SINGAPORE, Feb 5 (IFR) - Asian primary issuance in dollars screeched to a halt again and bond yields widened in secondary trading, in response to Friday’s sharp moves in US Treasuries.
Treasury yields spiked after the release of better-than-expected non-farm payrolls, adding to the 40bp widening of 10-year Treasuries last month.
“Friday was a little bit of an over-reaction, but I don’t think it’s going to retrace overnight,” said a DCM banker.
Asian credit was softer across the board, but investors were not panicking, as many decided not to sell at current levels.

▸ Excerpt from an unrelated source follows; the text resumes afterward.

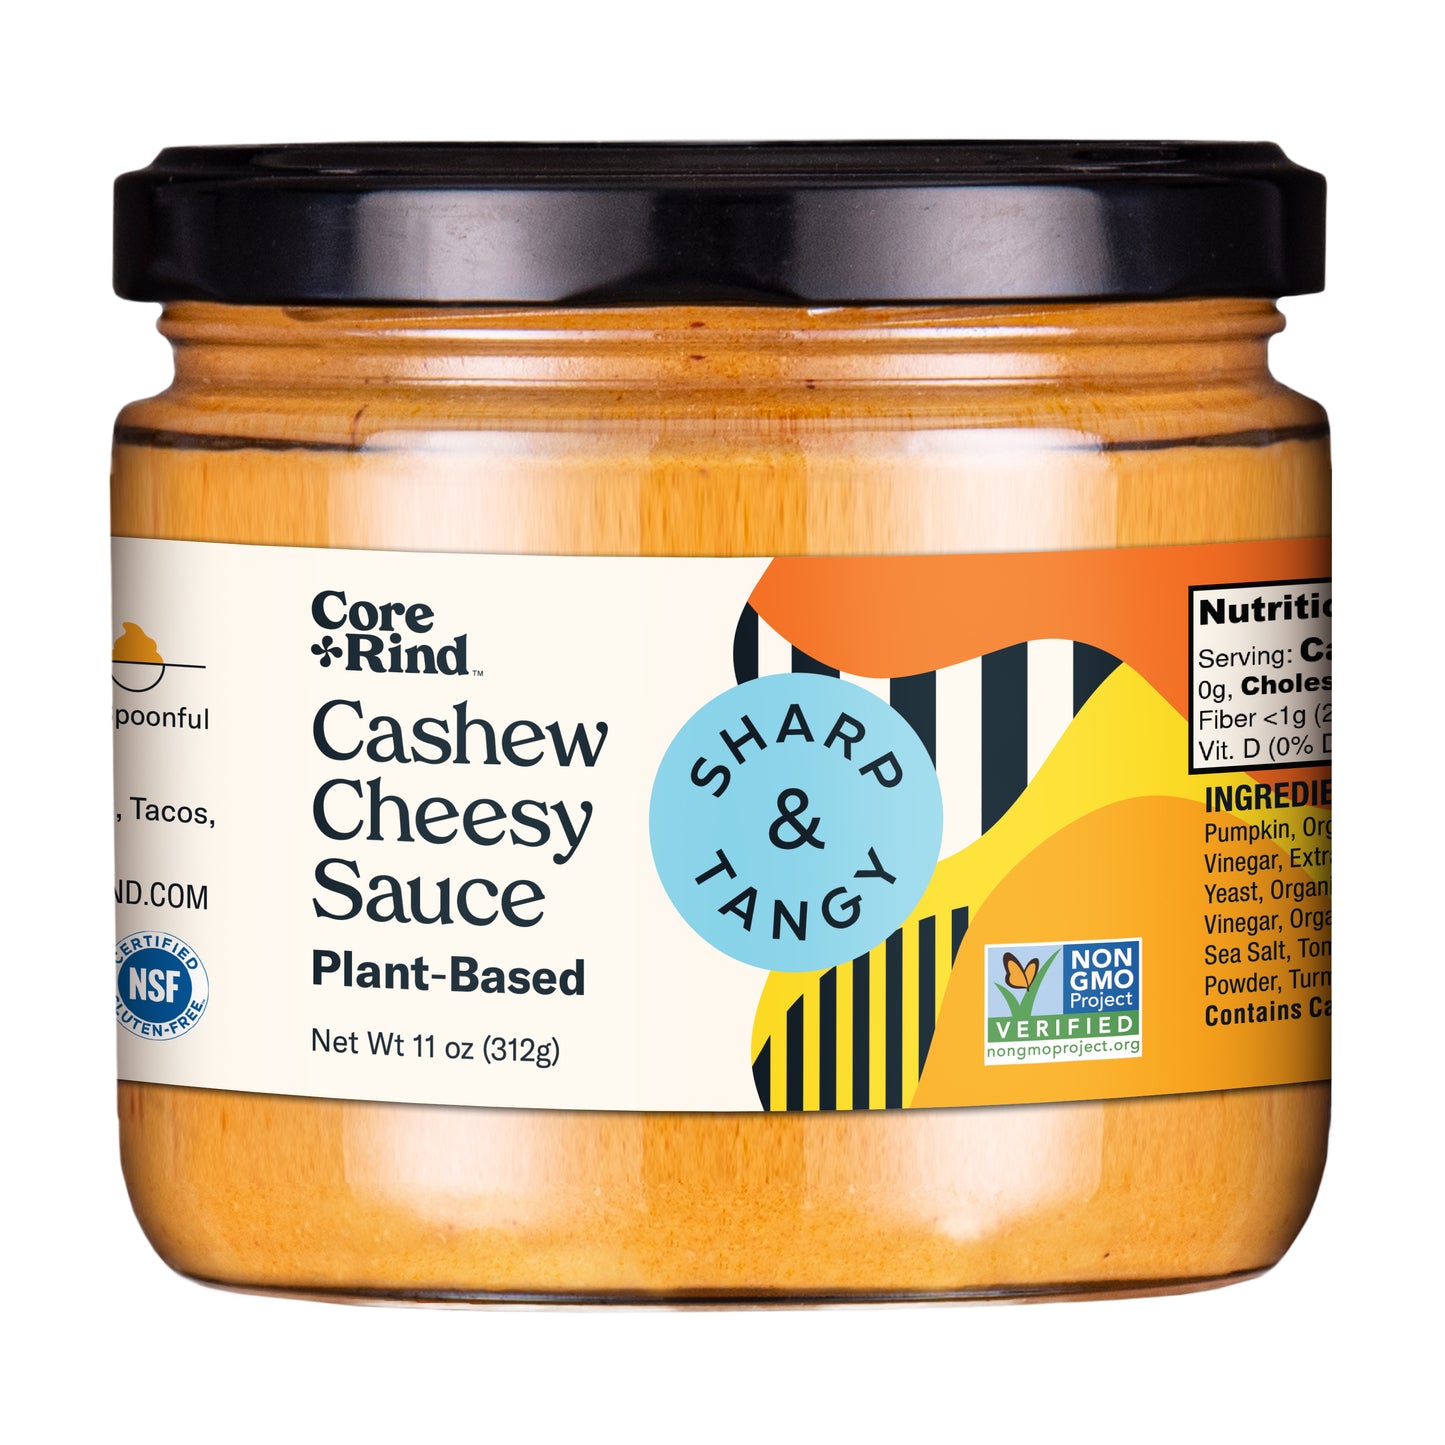 Cashew Cheesy Sauce - Sharp & Tangy

“Credit has backed up, but it hasn’t gone to pieces,” said a credit trader, who noted that bid-ask spreads were particularly wide, with little real liquidity in the market.

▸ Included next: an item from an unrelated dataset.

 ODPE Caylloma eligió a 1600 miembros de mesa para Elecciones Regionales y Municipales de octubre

Chinese sovereign five-year CDS was around 5bp wider at 60bp. The iTraxx Asia ex-Japan investment-grade CDS index was 3bp wider at 68bp/69bp.
BoCom Leasing’s bonds widened 1bp-4bp across the curve to 10 years. China Cinda Asset Management’s 2048 bonds were just 4bp wider, at Treasuries plus 212bp. Its 2023, 2025 and 2028 bonds were flat.

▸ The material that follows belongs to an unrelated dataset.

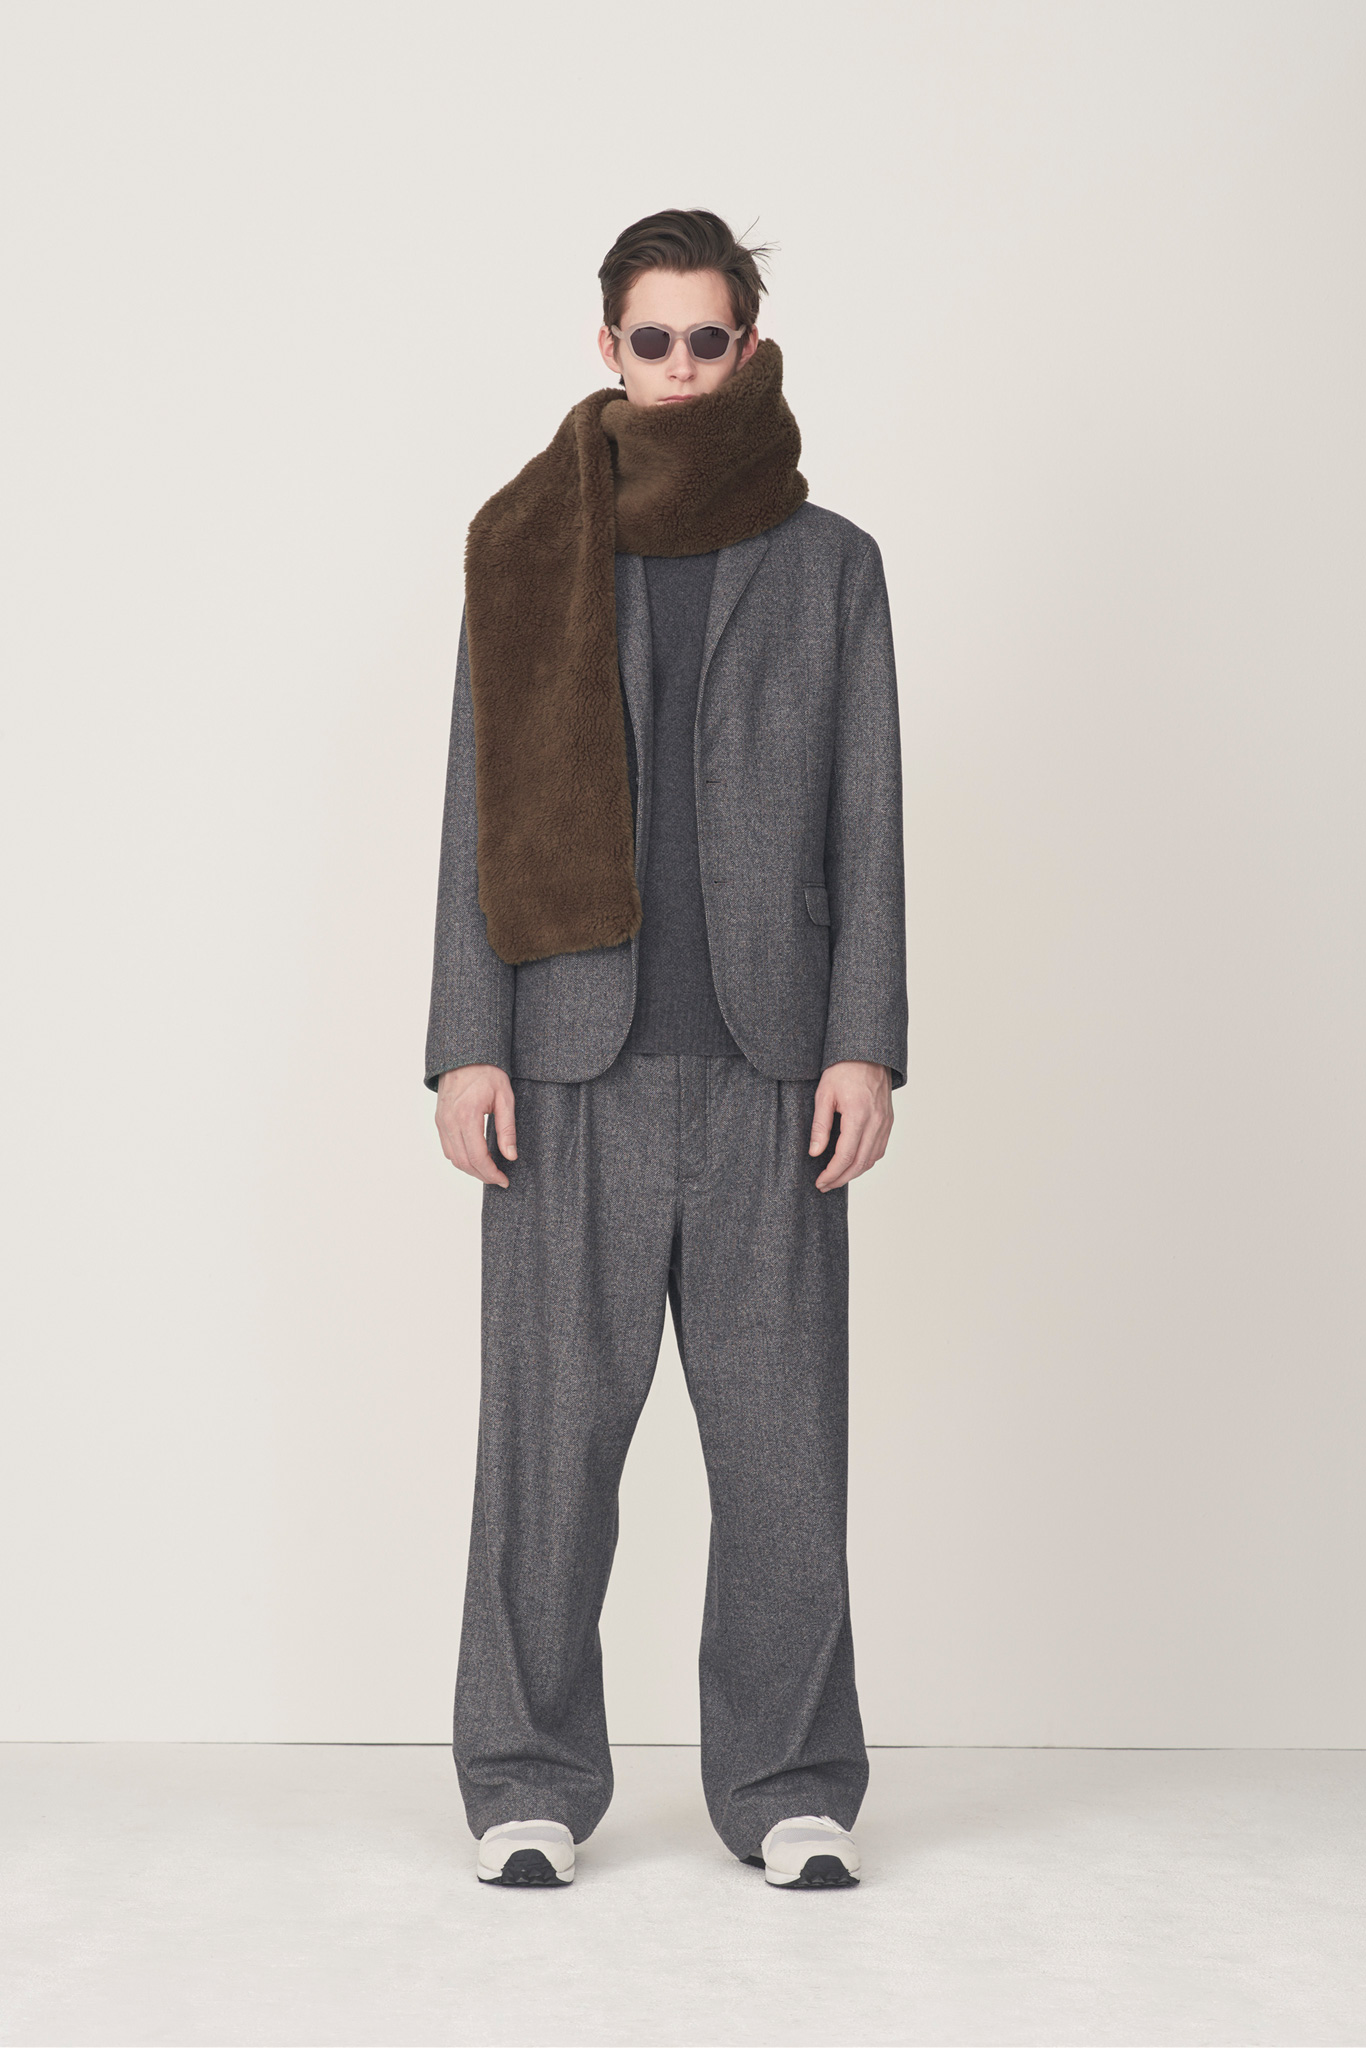 Steven Alan Men's Fall/Winter 2015 Lookbook - Fashionably Male

Alibaba’s 2027 bonds widened 5bp to Treasuries plus 109bp, after the company said it would buy 33% of Ant Financial in a non-cash deal, terminating an existing profit-sharing agreement.
Longfor Properties’ 2023 bonds spiked 4bp before settling at Treasuries plus 159bp, around 2bp wider than Friday. Its 2028 bonds widened 3bp to Treasuries plus 197bp.
Asian high-yield bonds were seen around a point to 1.5 points lower at the long end of the curve.
Tata Steel’s 2023 and 2028 bonds dropped half a point and 1.3 points to cash prices of 98.5 and 96.3, respectively.
Medco Energi’s 2025 bonds, which had been 10x subscribed during bookbuilding last month, dropped three-quarters of a point to 98.5.